Nhost also includes auth (based on Hasura Auth), storage, and serverless functions. It's the closest direct competitor to Supabase in terms of architecture.
Pricing: Free tier with 1GB database and 1GB storage. Pro plan starts at $25/month.
5. Hasura — Best for GraphQL-first teams
Hasura turns any PostgreSQL database into an instant GraphQL (and REST) API. It's not a full BaaS — it doesn't handle auth or file storage natively — but if you already have a database and need a powerful API layer, Hasura is hard to beat.
Hasura excels at complex data relationships, real-time subscriptions via GraphQL, and role-based access control. Pair it with Auth0 or Clerk for auth, and S3 for storage, and you have a custom BaaS.
Pricing: Free for the open-source engine. Hasura Cloud starts at $99/month for production use.
6. Directus — Best headless CMS + BaaS hybrid
Directus wraps any SQL database with a REST and GraphQL API, plus a visual admin panel for non-technical users. If your project needs both developer APIs and a content management interface (for marketers, editors, or ops teams), Directus fills both roles.
It supports PostgreSQL, MySQL, SQLite, MariaDB, MS SQL, and OracleDB. The auto-generated admin UI is its killer feature.
Pricing: Open-source self-hosted is free. Directus Cloud starts at $15/month.

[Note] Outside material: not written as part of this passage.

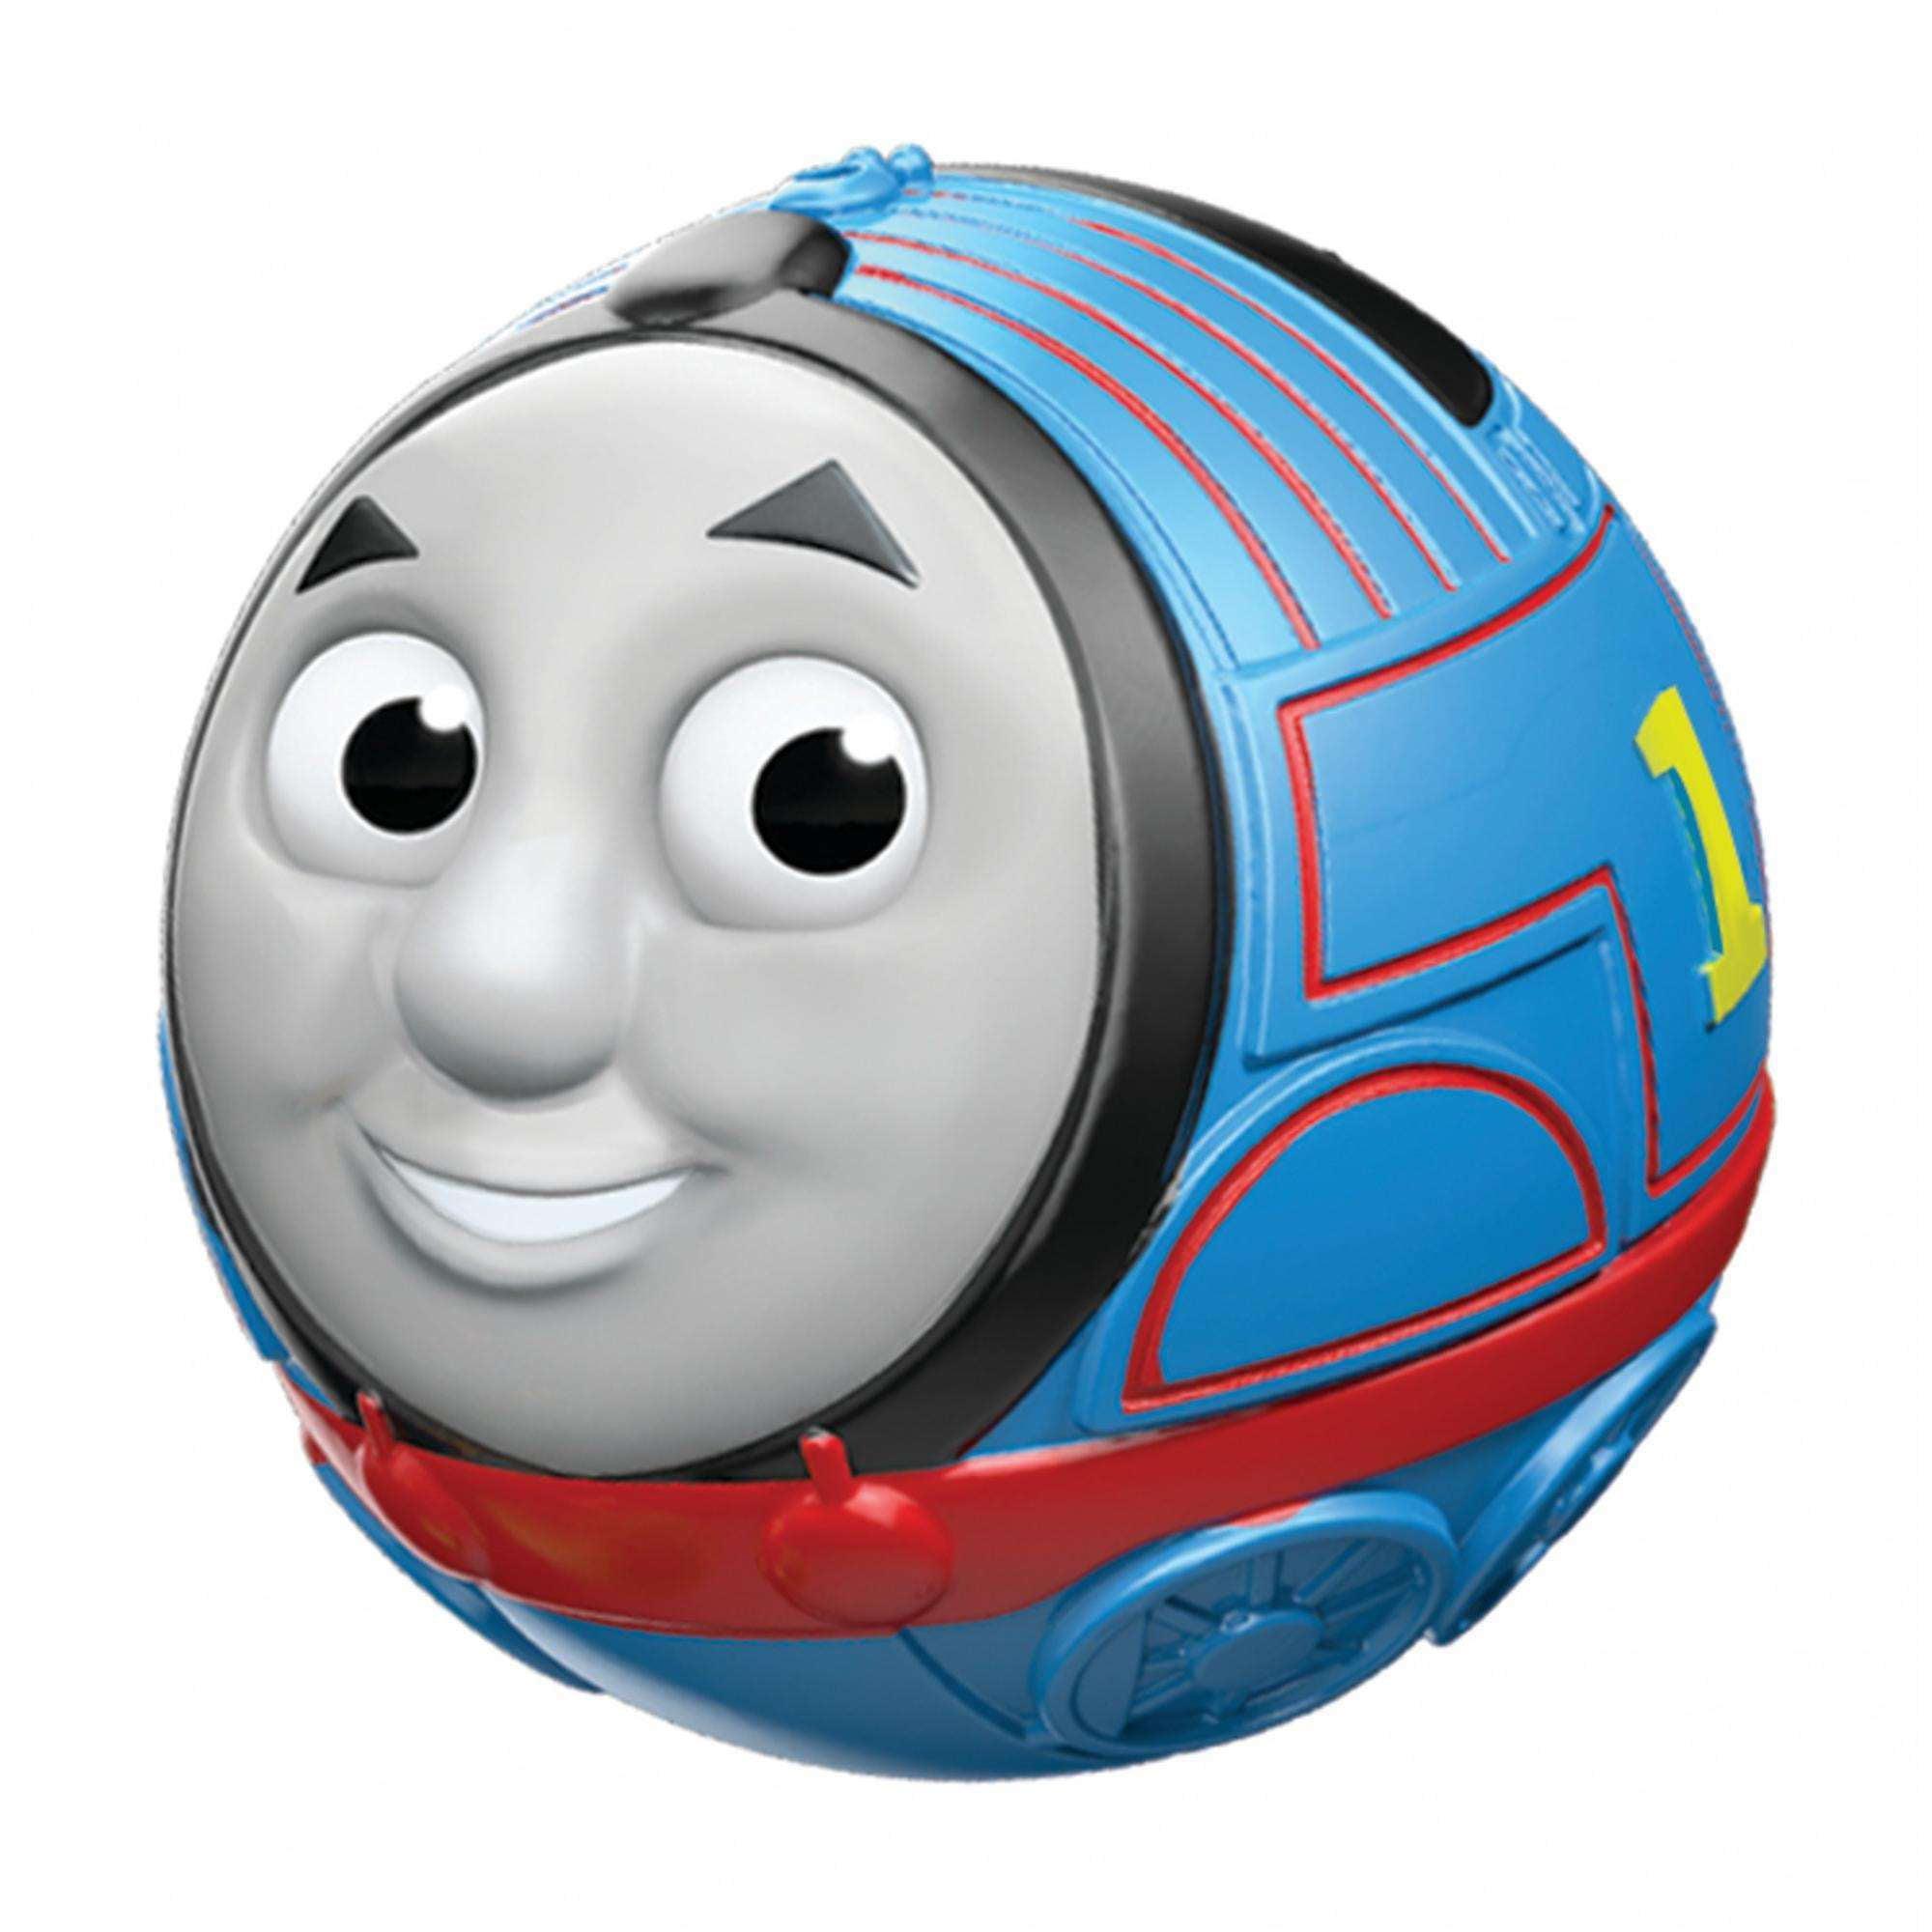 SMALL INFANT BALL THOMAS THE TANK

7. ShipStack — Best for provider flexibility and zero lock-in
ShipStack is a BaaS aggregator rather than a BaaS provider. Instead of replacing Supabase, it sits on top of it (or Firebase, or Upstash) and provides a unified REST API. You get /api/auth, /api/db, and /api/storage endpoints that work identically regardless of which provider is behind them.

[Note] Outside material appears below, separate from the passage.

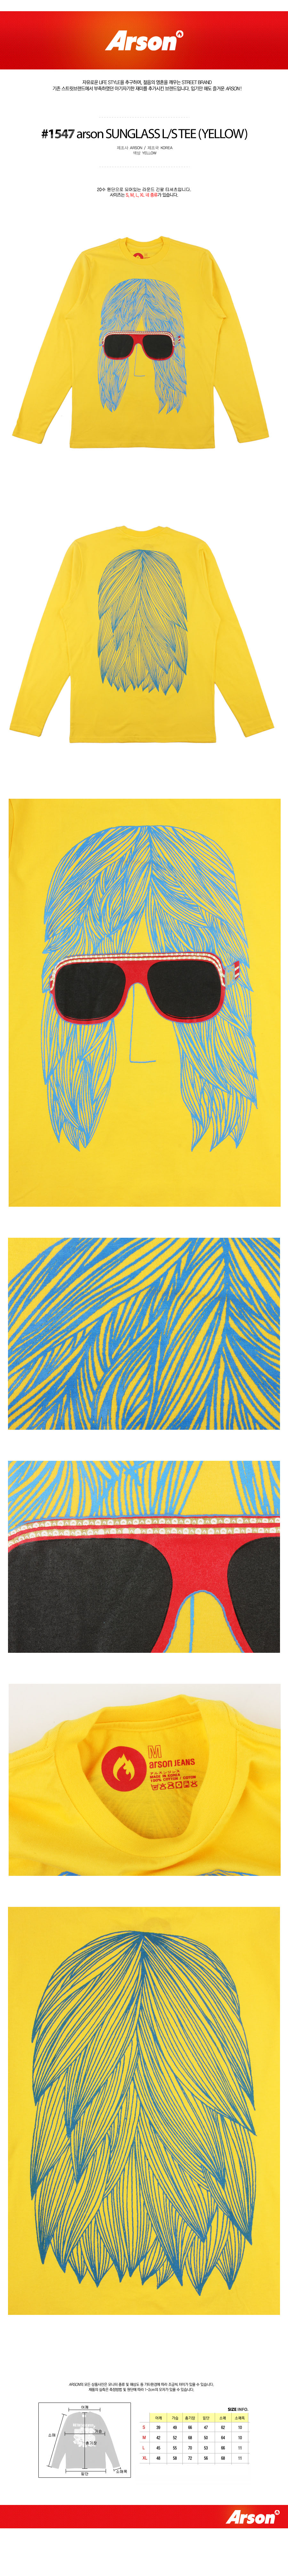 [ ARSON ] [ARSON] 1547 Sunglass longsleeved tshirt

This approach solves the biggest problem with every other option on this list: vendor lock-in. With ShipStack, you can start with Supabase and switch to Firebase later by changing one environment variable. No code changes, no migration scripts.
ShipStack also adds multi-tenant management, per-tenant rate limiting, and usage analytics — features that none of the other alternatives provide out of the box.
Pricing: Free for 1 project and 5,000 API calls/month. Launch ($19/mo), Scale ($49/mo), Enterprise (custom). You bring your own provider credentials — ShipStack doesn't markup provider costs.
Best for: Agencies managing multiple clients, SaaS platforms needing multi-tenancy, teams that want provider flexibility, and developers who don't want to bet on a single vendor.